I know that when developing fisheries policy in Alaska, people need to be mindful of all the affected user groups. Hopefully user groups can agree to damage each other the least amount possible in pursuit of their fishery management and allocative goals. Certainly each user group has different constraints and expectations, most of them reasonable, some less so. Many policies are formed without due consideration for all of the involved user groups. I fear this priority legislation is one of them. I think we need to give each user group what it most needs to survive in the long run, and much less what it simply desires.

Commercial fishers and processors in Cook Inlet need to be able to conduct business every salmon season, and I think this legislation puts that in doubt. While the sponsor wishes for the seemingly desirable and benign priority of dipnet harvests in times of shortages, I doubt he realizes that low historical levels of Cook Inlet salmon returns in combination with current levels of sport and personal use harvests could easily result in no commercial harvest for that season. How many businesses can survive a year off? The law of unintended consequences applies here.

I know that a great many Alaskans enjoy and value the dipnet fisheries. I truly value the mix of fisheries we enjoy; they all make significant contributions to our economy, our culture, or both. Kenai River dipnetting already enjoys a de-facto priority, I believe it is the only salmon fishery in the state which starts, continues, and ends at dates certain, regardless of forecasts or harvest, and in some years, has continued even when other fisheries have been restricted for escapement concerns. Our Board of Fisheries established this preference, do we really need more? If so, should it entail legislative action?

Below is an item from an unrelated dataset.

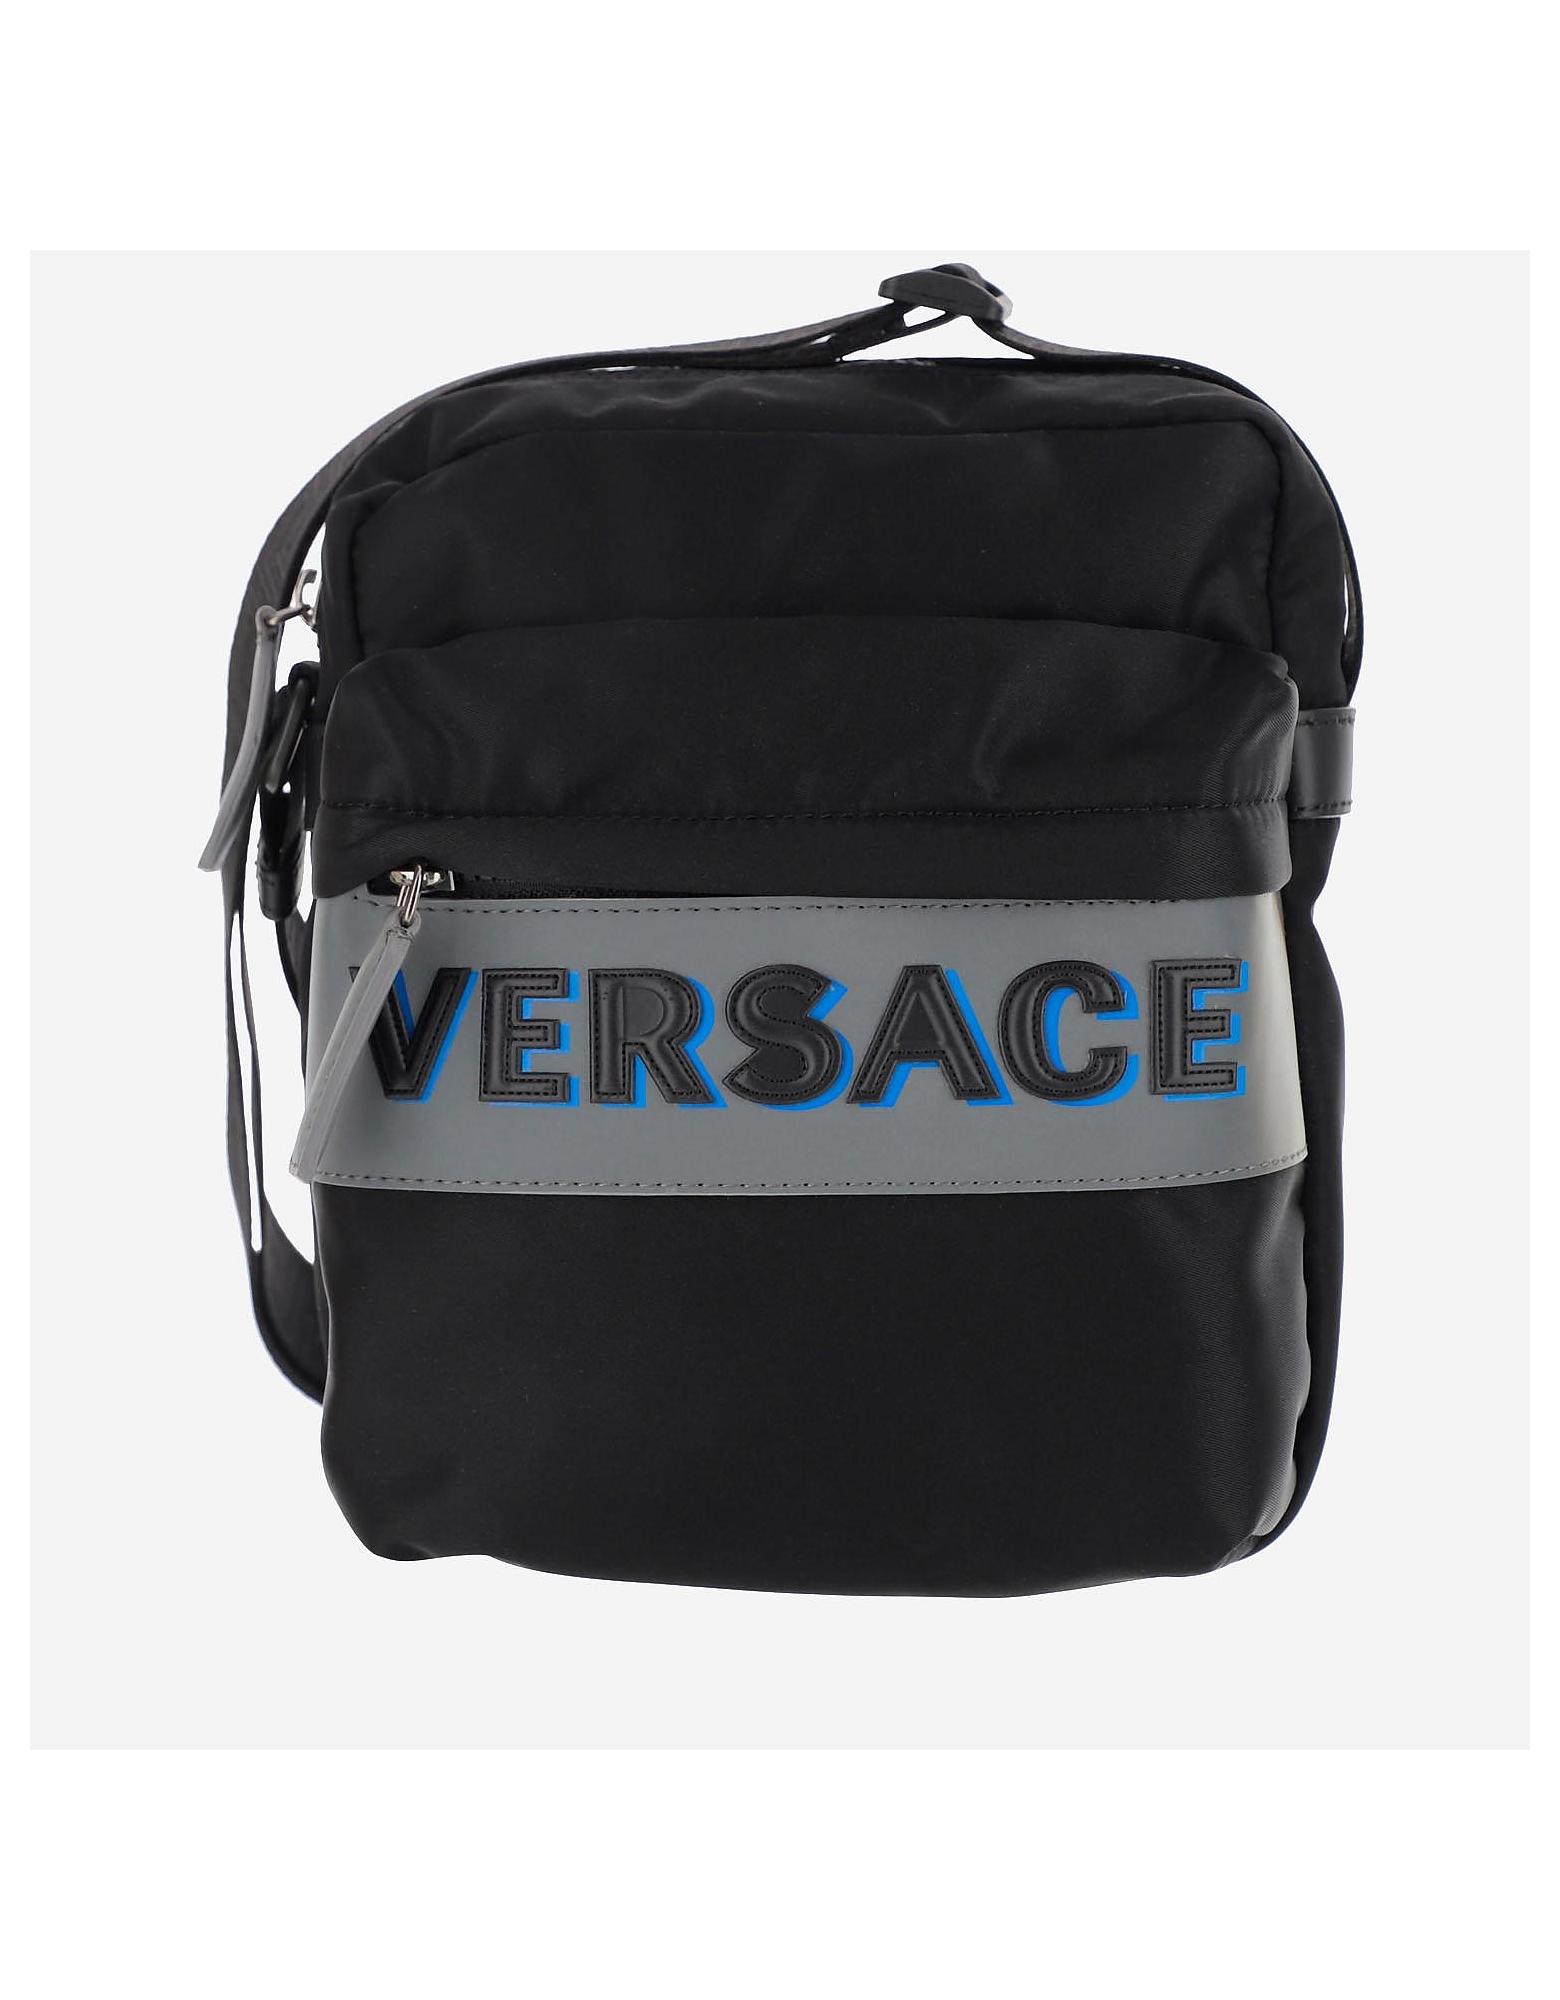 Versace Nylon Messenger Bag in Black for Men - Lyst

Dipnetters and commercial fishers have more in common than many realize. We both depend on large volumes of sockeye to meet our expectations, and very large commercial sockeye harvests are required in most years to maintain future high sockeye returns; the math and science are compelling and generally accepted. As for a personal use priority, I ask for a different outcome, one in which each user group commits to the survival of each other, after all, as some have said, no one is supposed to actually win the fish war. I see this legislation as divisive, partisan, and unwarranted.

A true Alaskans first solution would be a more respectful decision to have our personal use, sport, and commercial user groups sharing both the bounty of abundance and the burden of shortfalls as they will inevitably occur.

Paul Dale is president of the Alaska Salmon Alliance.